● What the task requires: Beginning with the line that contains "Sculpt High-Rise Raw-Hem", repeat each line exactly through the end of the listing below. Pictures stay out.

● Dataset section:
......

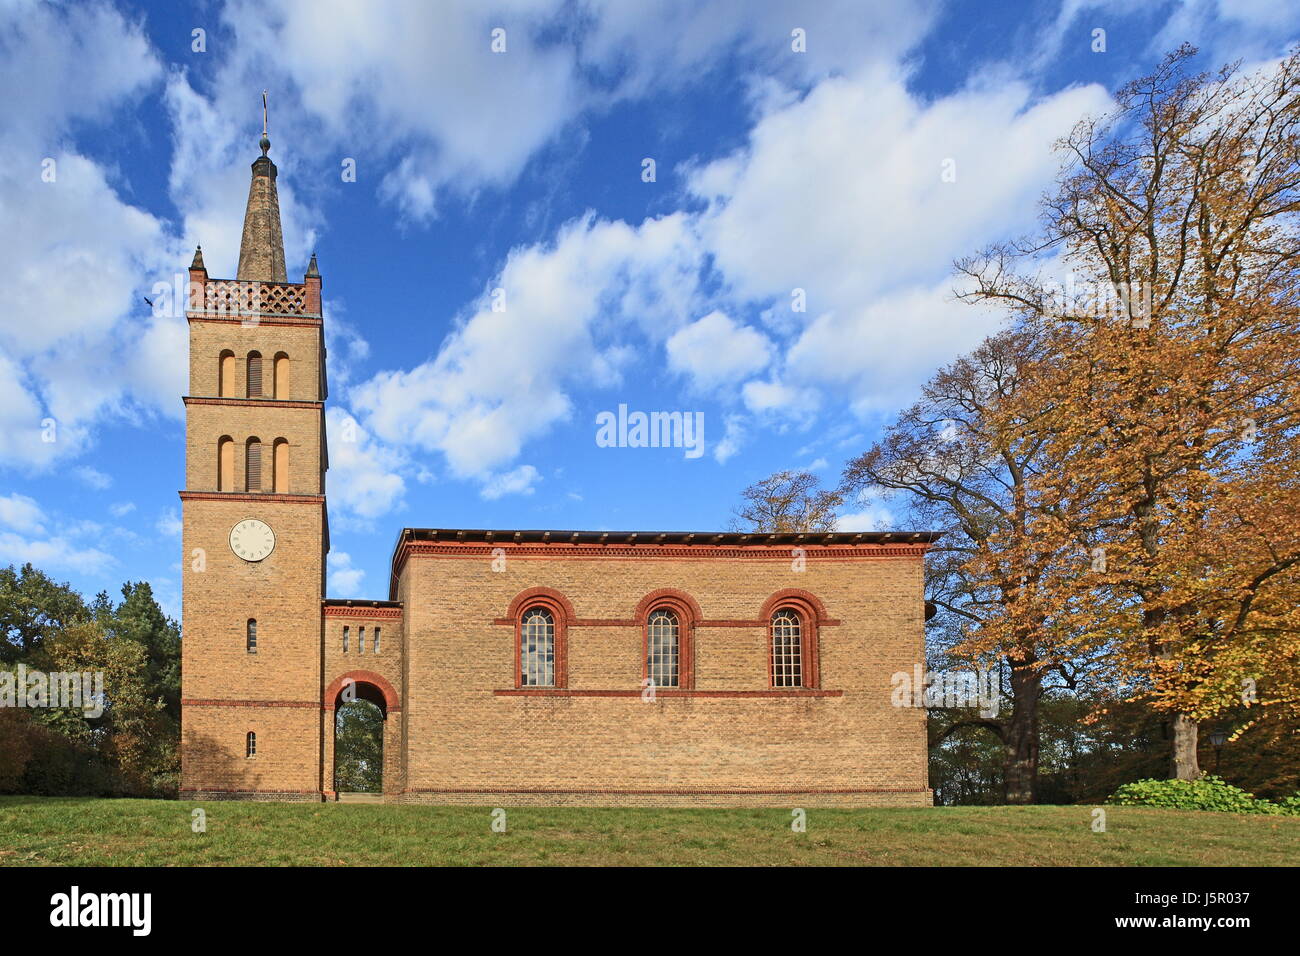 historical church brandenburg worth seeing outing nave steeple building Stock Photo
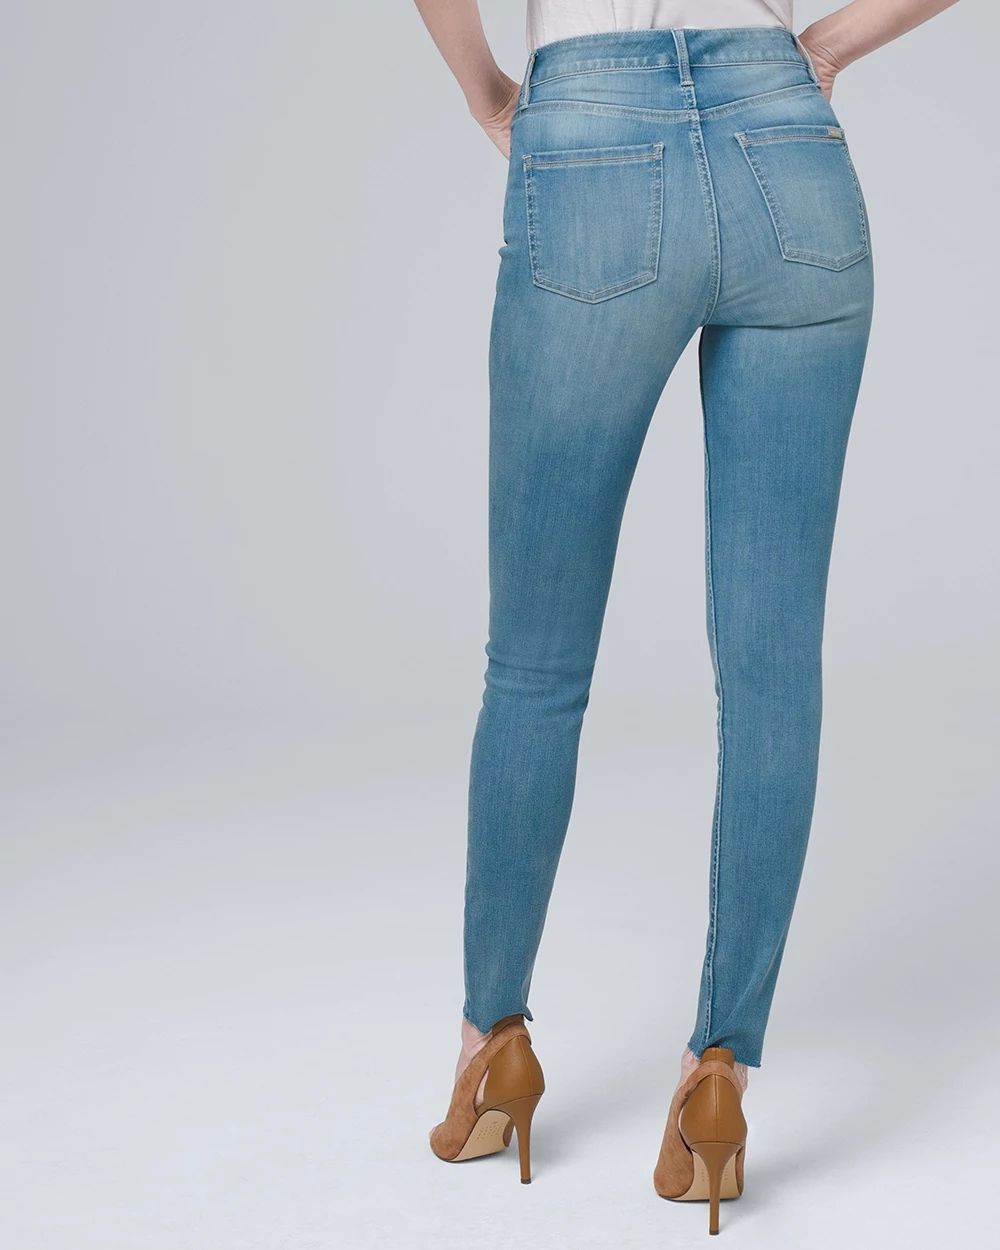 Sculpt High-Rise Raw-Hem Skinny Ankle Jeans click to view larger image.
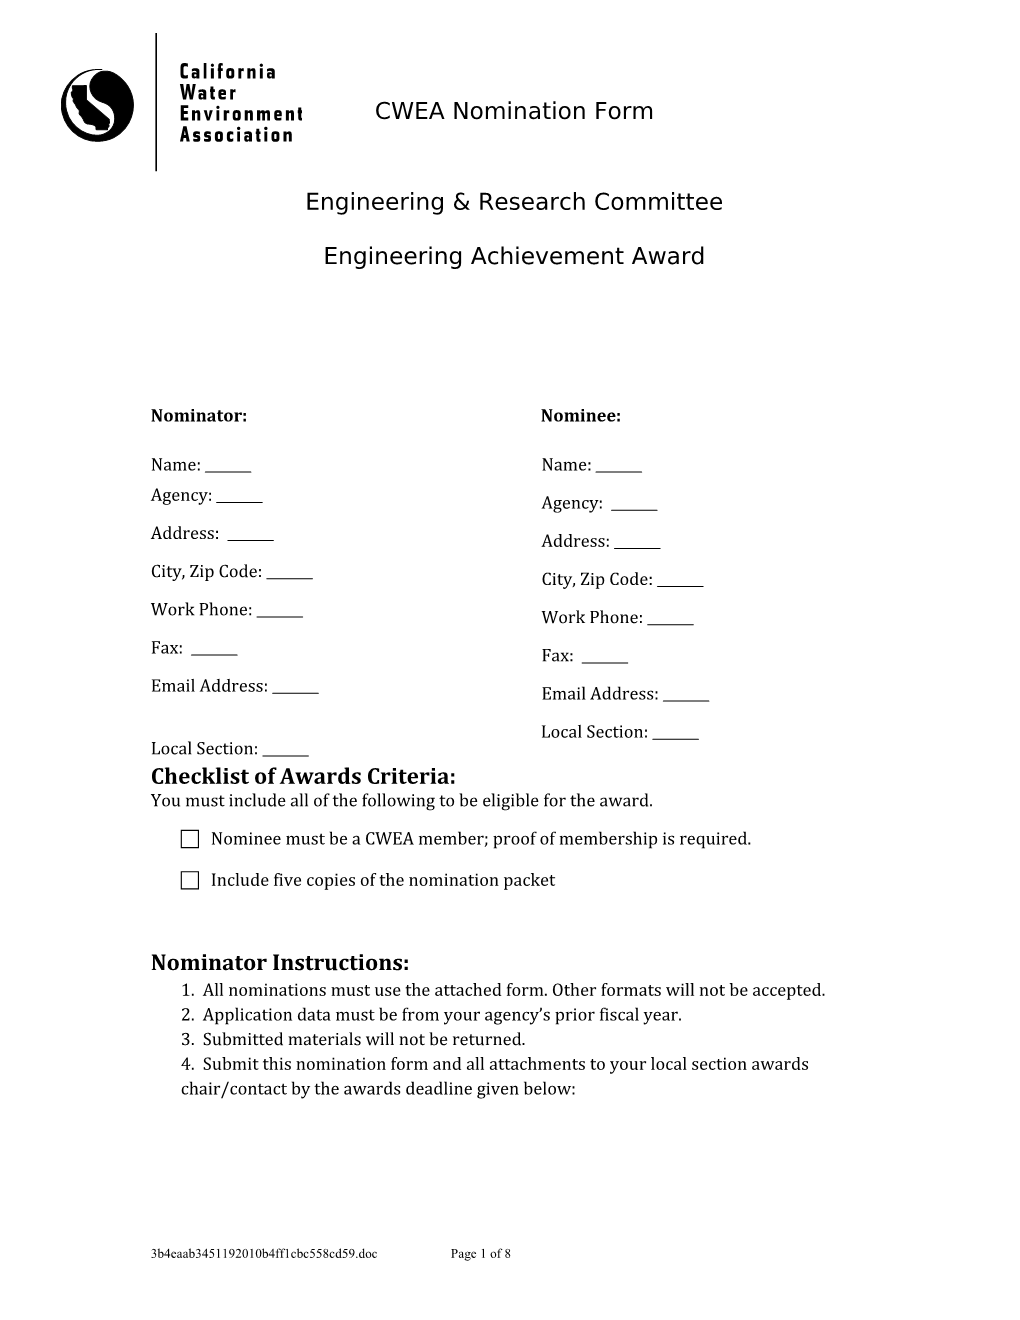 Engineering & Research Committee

......

● Response area:
 Sculpt High-Rise Raw-Hem Skinny Ankle Jeans click to view larger image.
 Engineering & Research Committee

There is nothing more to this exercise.